◆ PROBLEM STATEMENT
Working through the data below, reproduce word for word the line with "Arizona history photos: Mining" and every line after it, both ends included, and omit the pictures.

◆ INFORMATION SUPPLIED
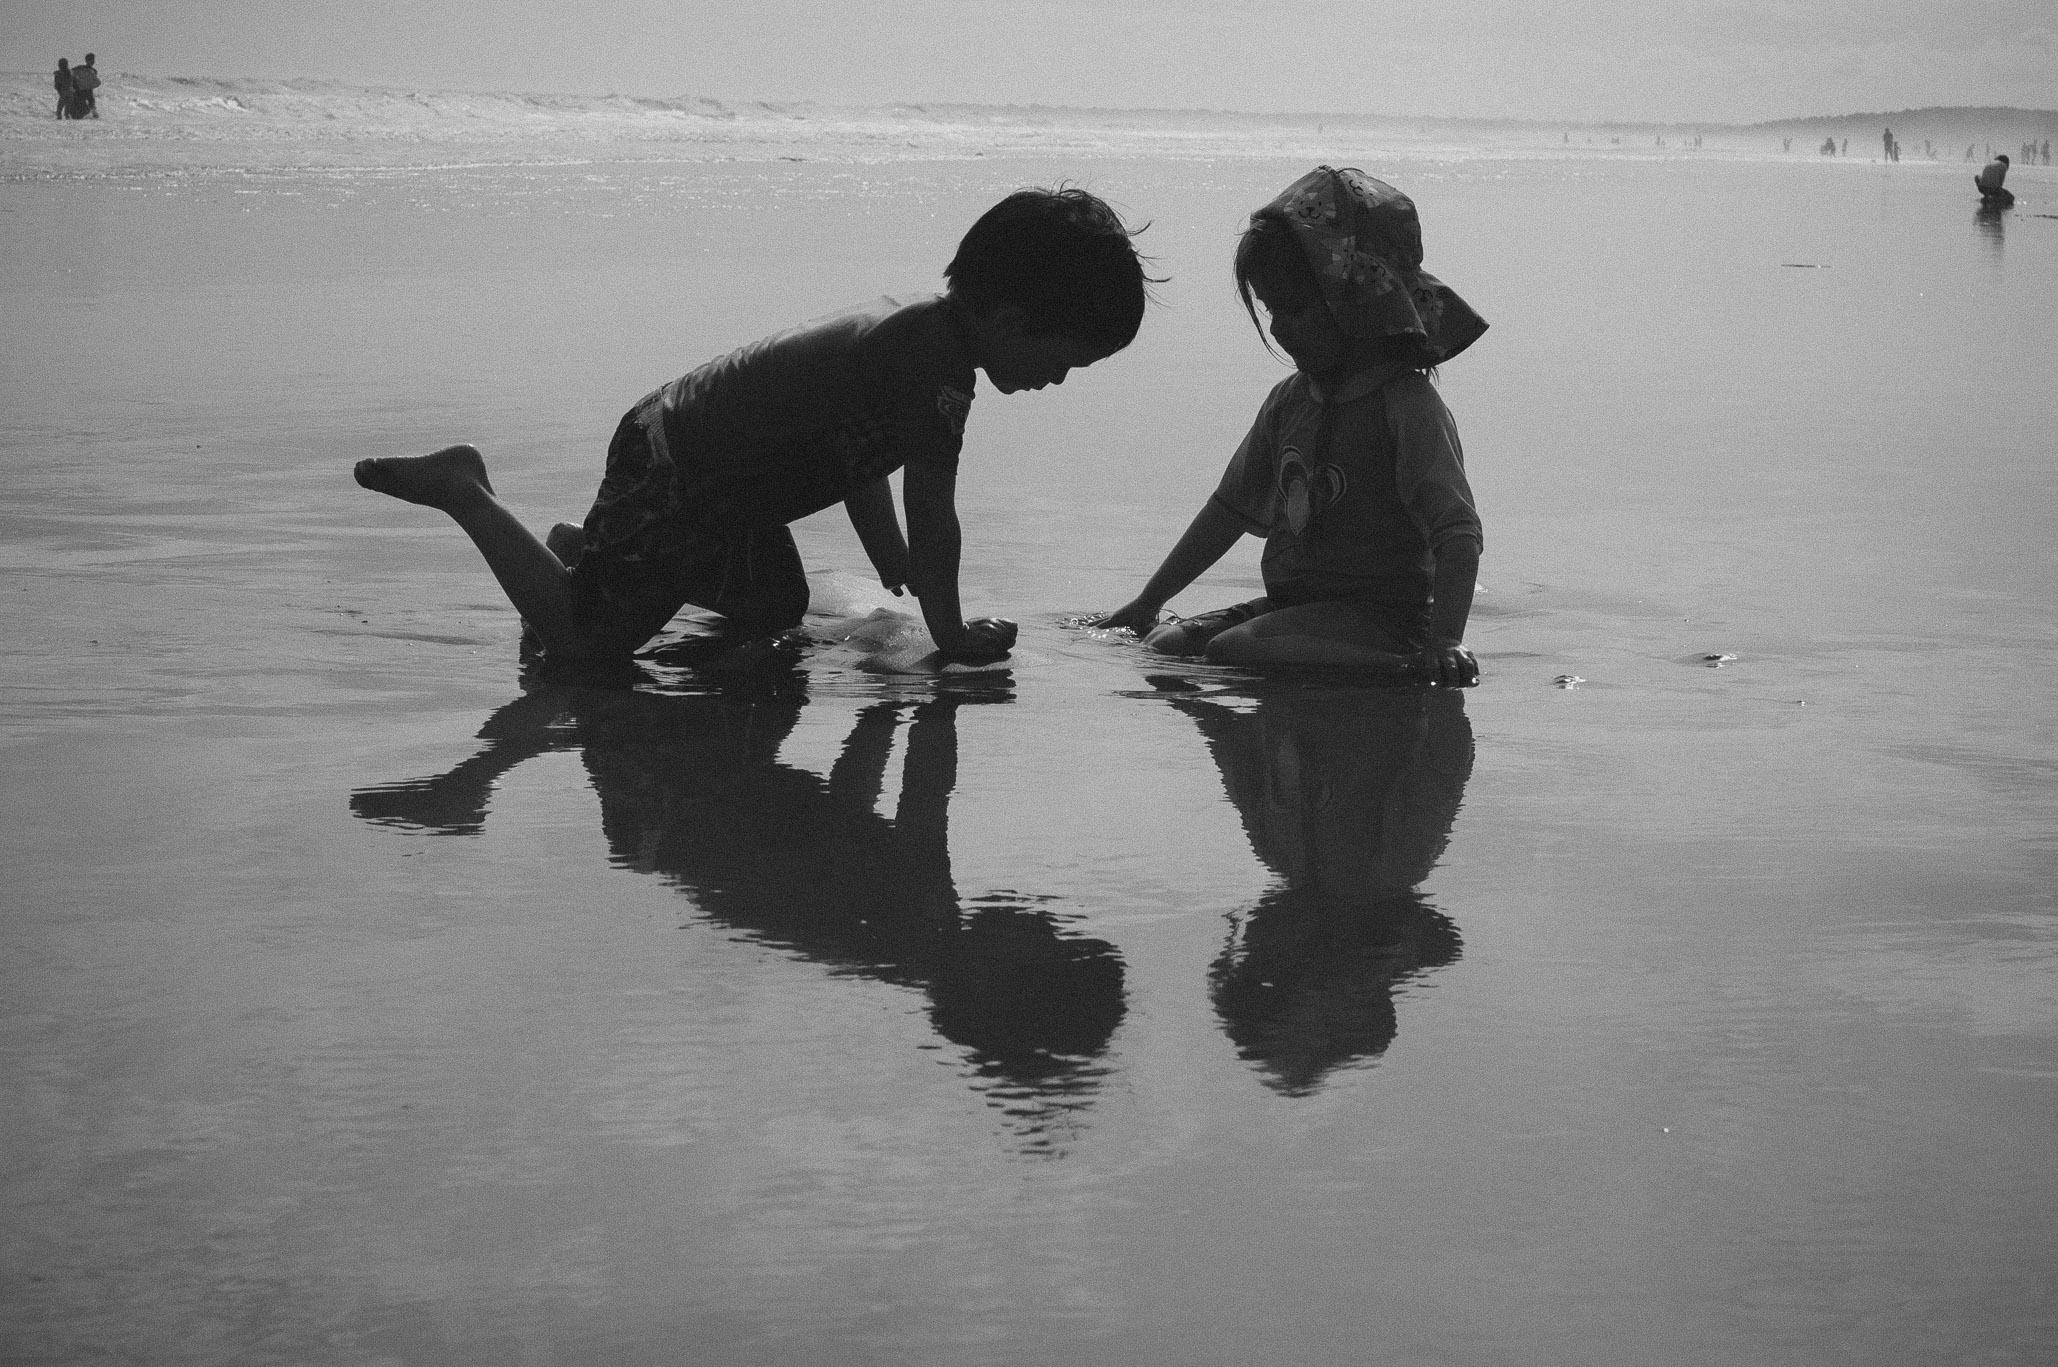 camarillo family photo beach.jpg
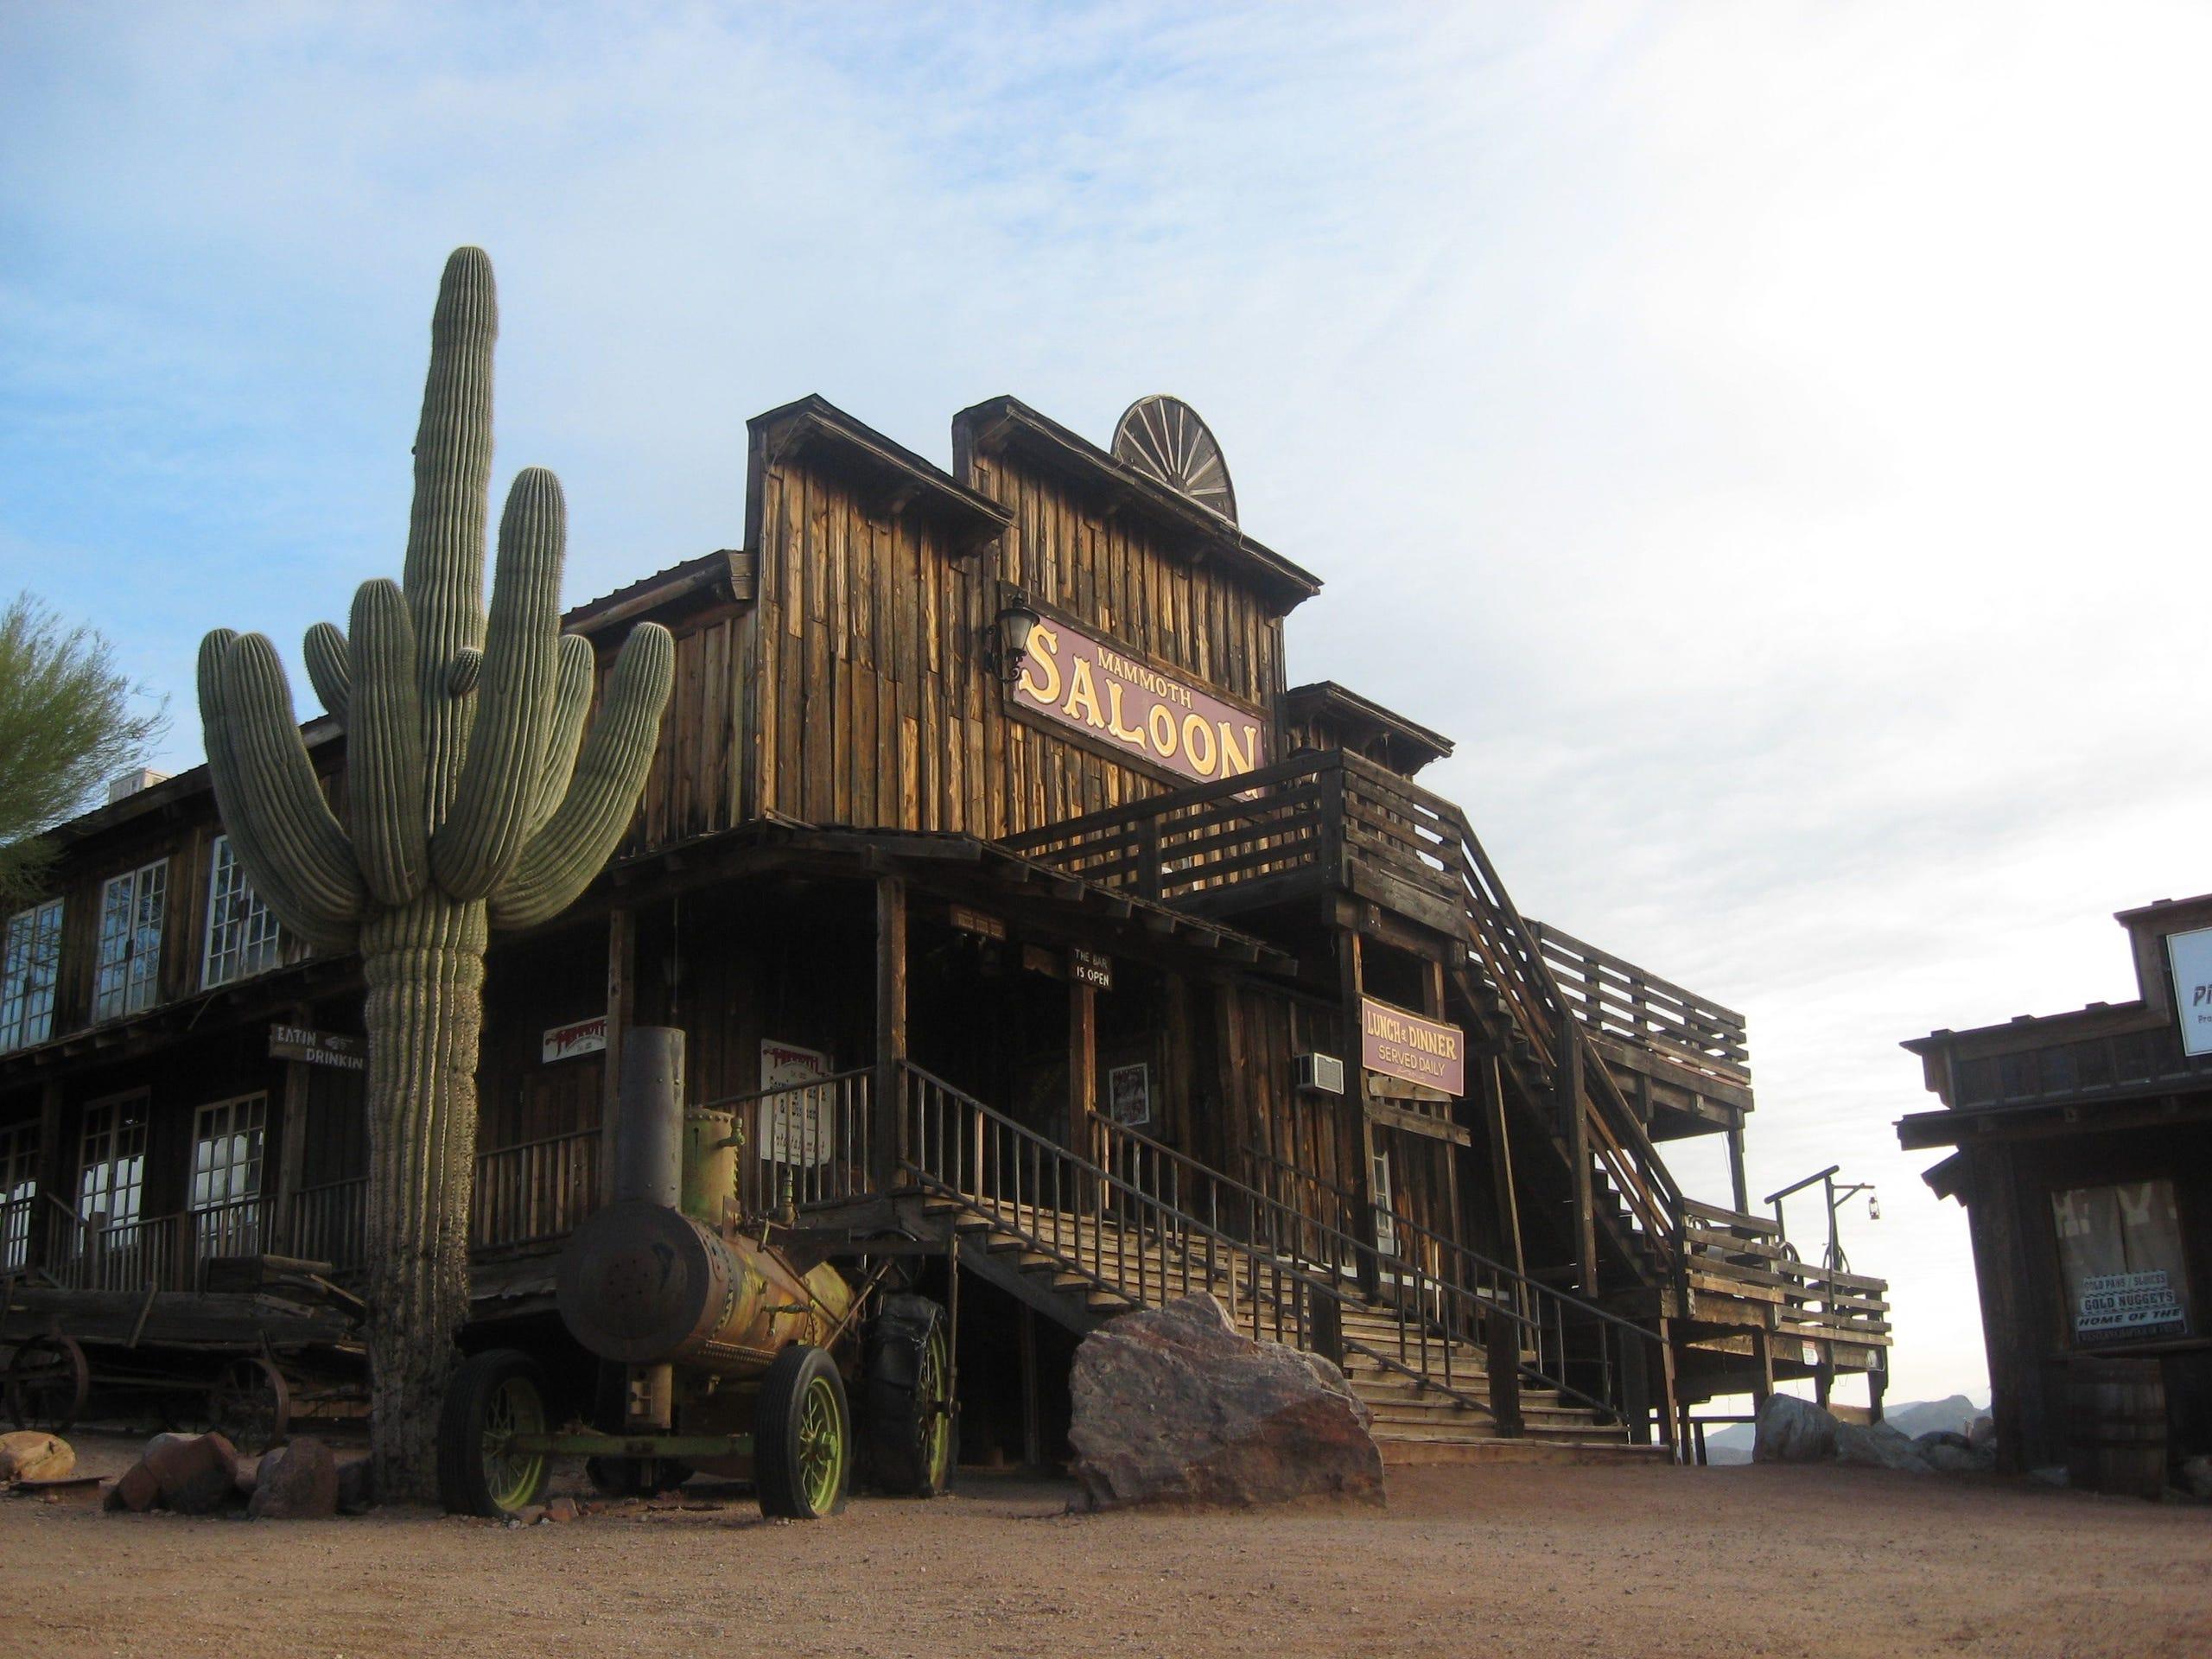 Arizona history photos: Mining and ghost towns
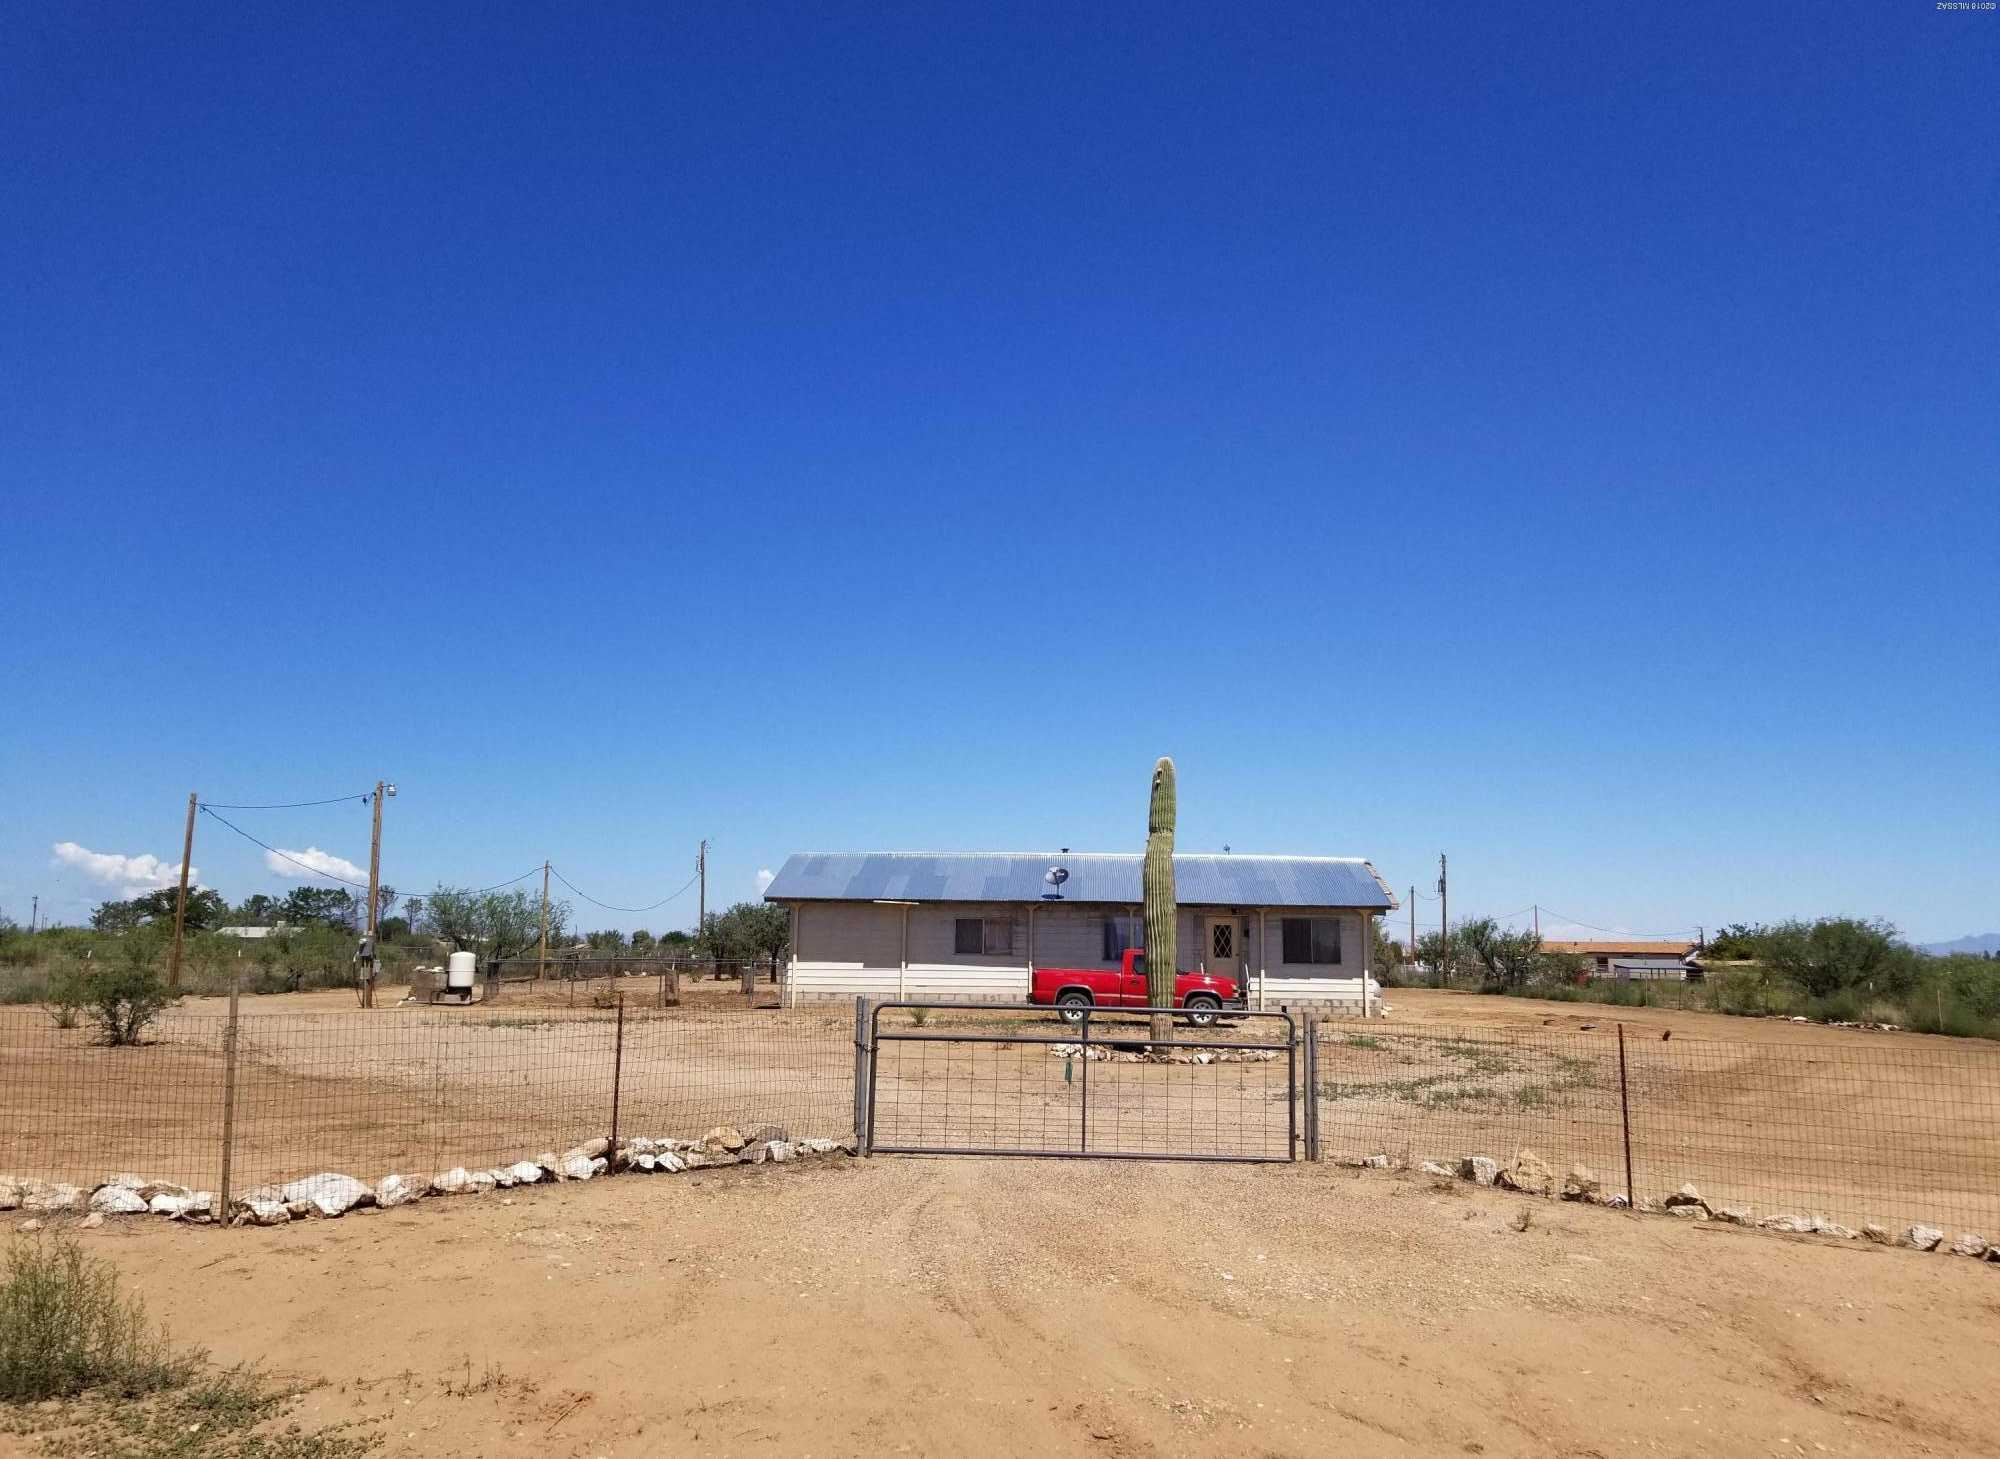 MLS# 21825269 - 91 E Cochise Way, Cochise, AZ 85606

◆ REPLY TO THE TASK
 Arizona history photos: Mining and ghost towns
 MLS# 21825269 - 91 E Cochise Way, Cochise, AZ 85606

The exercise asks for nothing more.